Илья Анисимович, запрокинув угластую голову, захохотал.

— Ты на трибуну, на трибуну айда залезь, мать, и выступи. — Он привстал, переломился над столом, воткнул руки между тарелок. — А ты знаешь, сестра дорогая Анюта, почему ты Анна Ивановна? Потому что я Илья Анисимович. Ушла бы она. Сиди, прижми хвост. Старые уж мы с тобой разбегаться, сын уж у нас отслужился. Чем собираешься заниматься, сынок?

Но Сергей молчал. Он был удивлен и пристыжен тем, что только сейчас понял, как жила мать. А жила она, как мышь в богатом доме, в котором держали огромного кота: ни свету белого не видела, ни корочки хлеба не съела без оглядки.

— Ну, так ты чем думаешь заниматься, сынок? — Отец плеснул в рюмки по глотку водки.

— На работу устраиваться буду.

— Отдыхай, колхозы прокормят. Давай дернем по стопке.

Старая песня.

— Пойду на Лебяжку посмотрю, — поднялся Сергей из-за стола.

Лебяжка оживала. Там новый воротный столб вкопан, там крыша подштопана. Против совсем гнилых хибарок новые срубы с пронумерованными бревнами. Щепа сосновым бором пахнет, в пыли куры пурхаются.

Зашел в школу. Снял пилотку, шагает по коридору. Никого ни души. Шаги гулкие, с эхом. Будто все Сережкино детство следом идет. Где был их восьмой, там теперь первый. Парты малюсенькие. Втиснулся за свою заднюю. На той Петька сидел. Здесь Герка. Герка вот сдал экстерном на офицера, служить остался. Сидит, смотрит в окно Сергей. В окно все видать, что поезда везут. А везли они мир: комбайны, кирпич, бревна, турбины, щебень.
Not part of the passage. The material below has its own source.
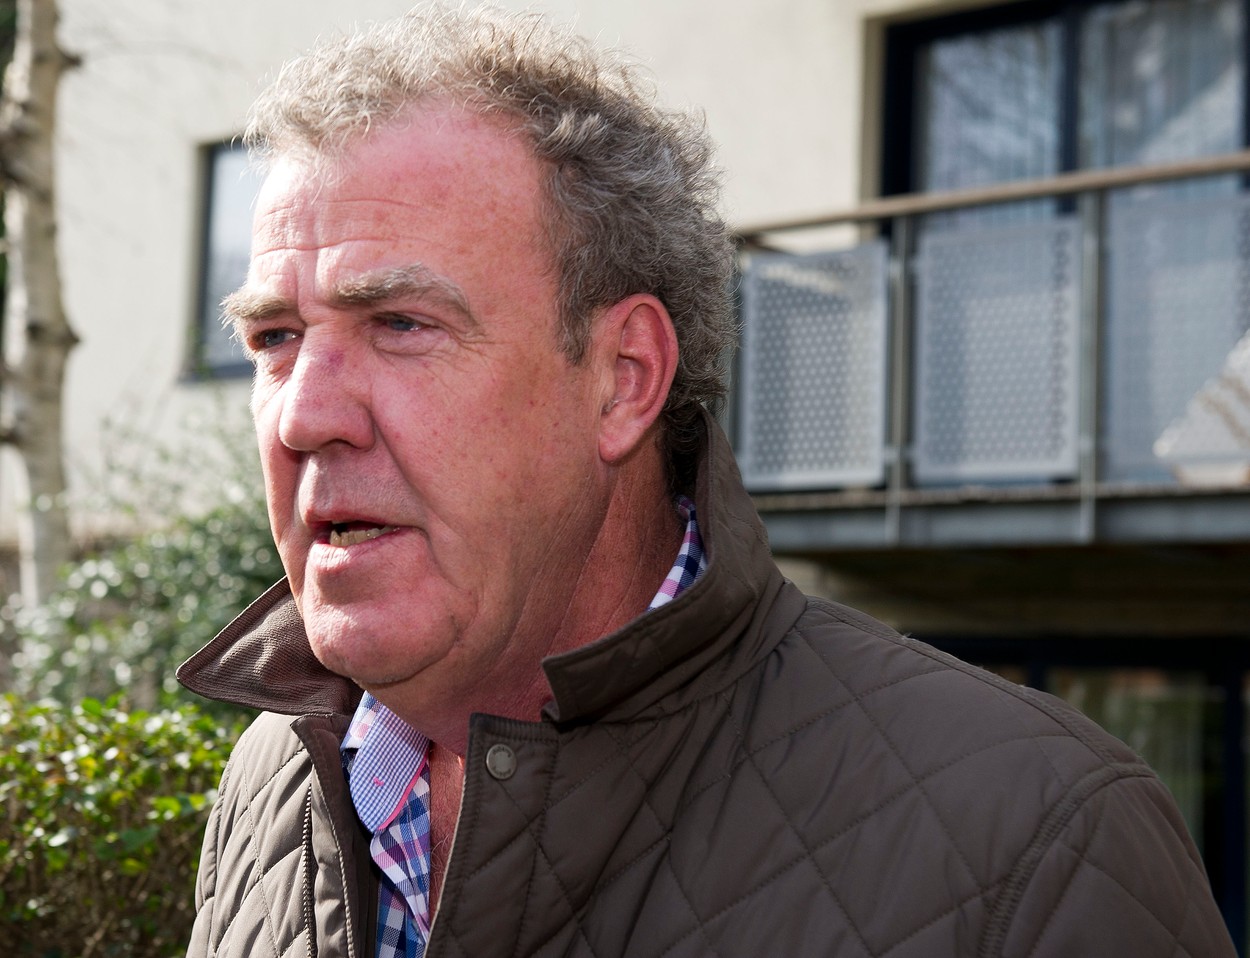 Vraťte Clarksona do Top Gear! Petici podepsalo 700 tisíc lidí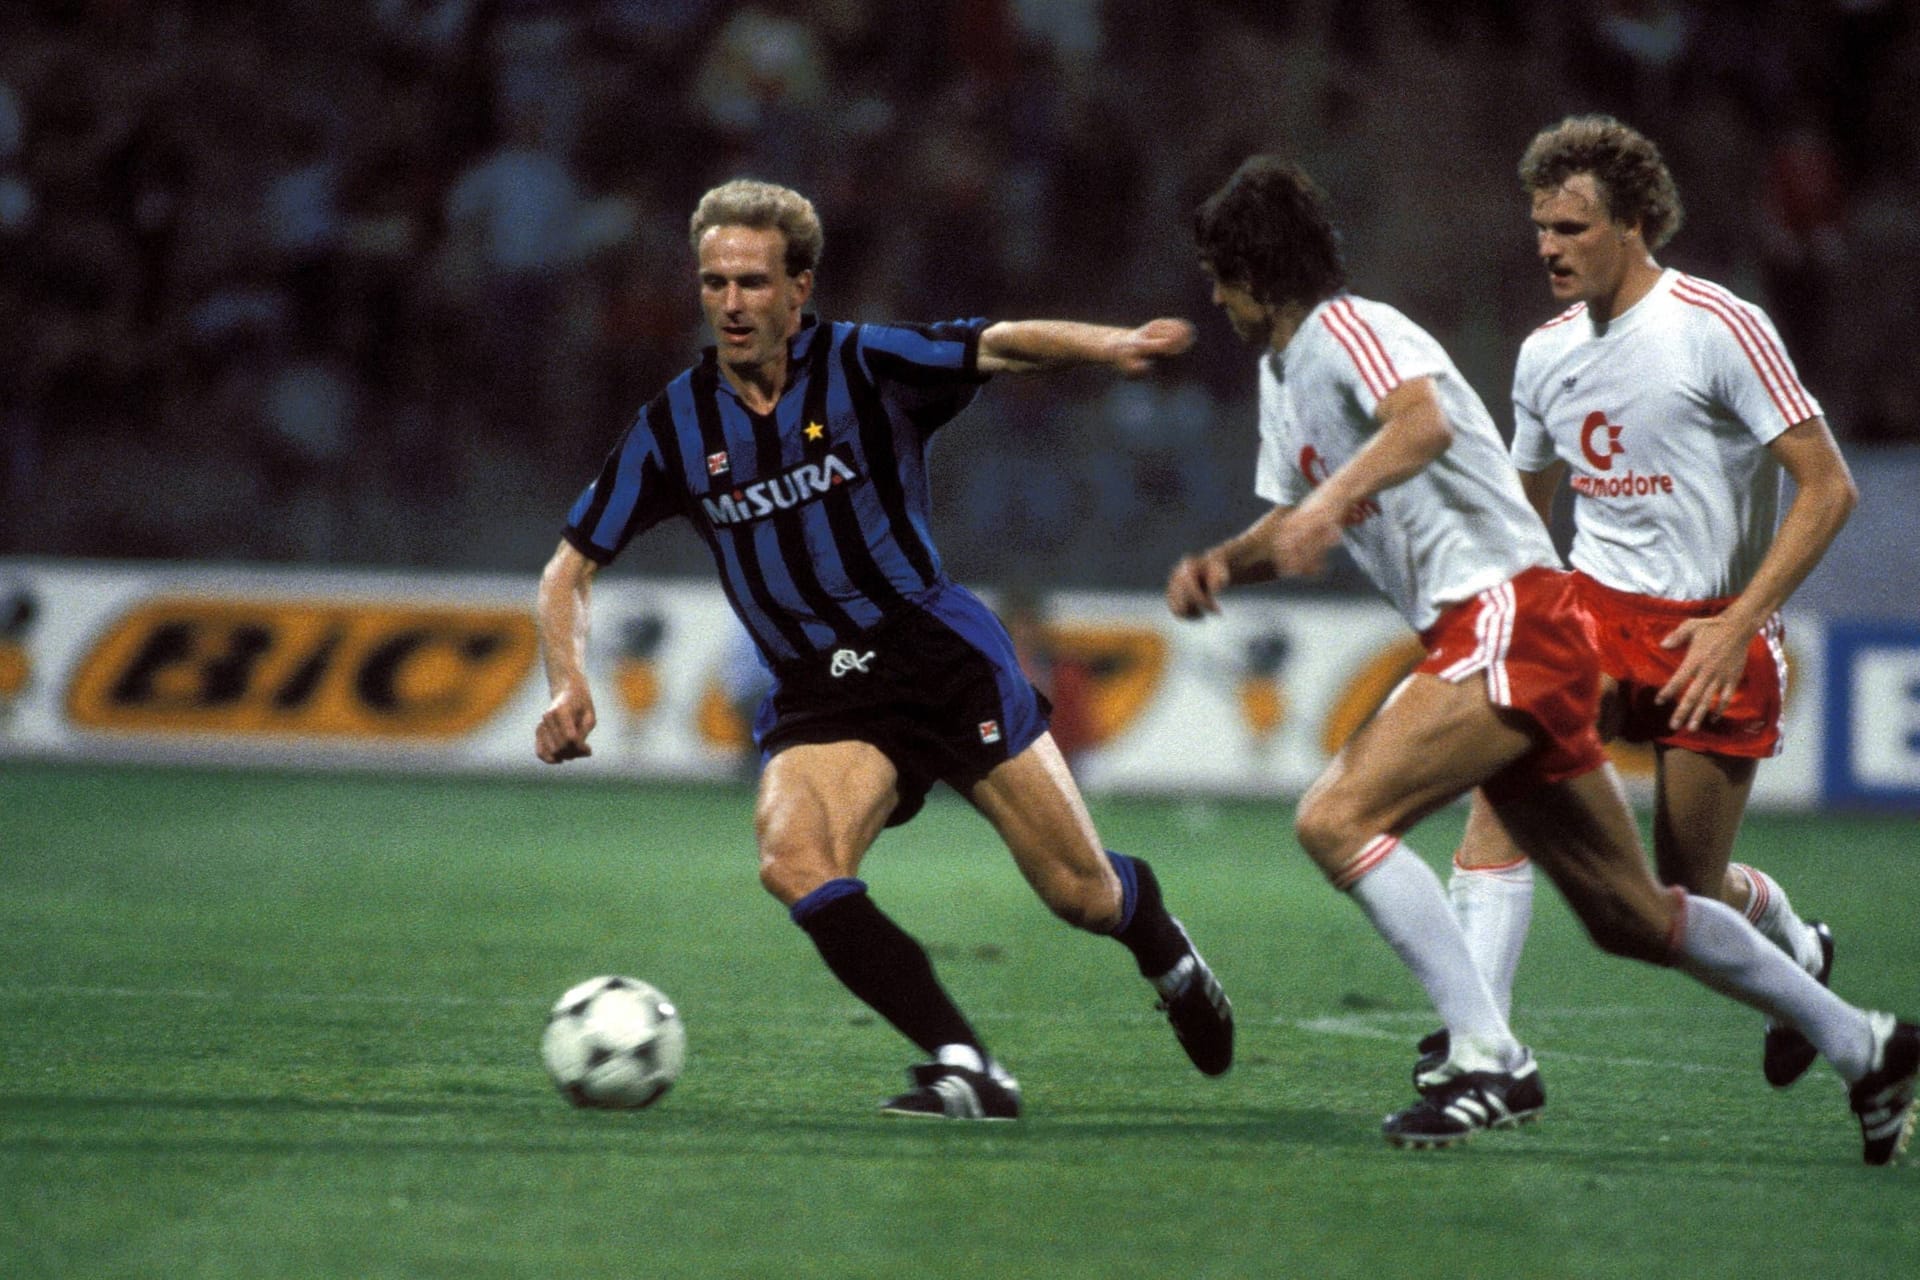 Ab Sommer 1984 spielt Rummenigge für Inter Mailand in der Serie A. Die Bayern verlässt er mit 162 Toren in 310 Spielen – bis heute die drittmeisten der Vereinshistorie.

Из школы — к Колесовым. Тетка Агафья нисколько не изменилась. Самовар ставит, калачи из печи вынимает и говорит, говорит.

— Ожили мы, Сереженька-батюшка, погоди, дай сказать, хлеб едим. А то ведь совсем умирали. Петька в люди выбился. Полюбуйся-ка.

Она вытерла стол, разложила на нем фотокарточки. Лицо порозовело, родинки на щеках притаились. Взяла снимок, отнесла на вытянутую руку и причмокнула:

— Хорош Колесенок? На торгового капитана выучился, округом света плавает. Пишет: он да какой-то не русский… Могиллан вроде бы, двое их только и решились на такую страсть.

Сергей сдержанно улыбнулся; ну, допустим, второй помощник судового механика это еще не Магеллан, но он не гасит материнской радости. Пусть горит.

— А Надюха-то, посмотри, Надюха-то… Невеста скоро. В пионерский лагерь уехала где-то. Не те твои полмешка пшеницы, померла бы девка. — И шепотом: — Абросим-то мой… Сыскался. Вот уж воистину, как тележное колесо: слетело с оси, покружилось, покружилось да опять к телеге и прикатило. Сейчас я тебя цилонским чайком попотчую, Петро послал. Каких только государствов нету на земле… Торговали бы да торговали, чем воевать.

Агафья заварила чай, усадила чайник в конфорку самовара.

— Томленый вкуснее. Абросим почему доныне не являлся? Втемяшил себе, что не приму я его покалеченного. Контузило мужика, пулей щеку вырвало и зубов как не росло. Теперь ничего, оклемался. Теперь ничего. А сколько пережитков пережил человек?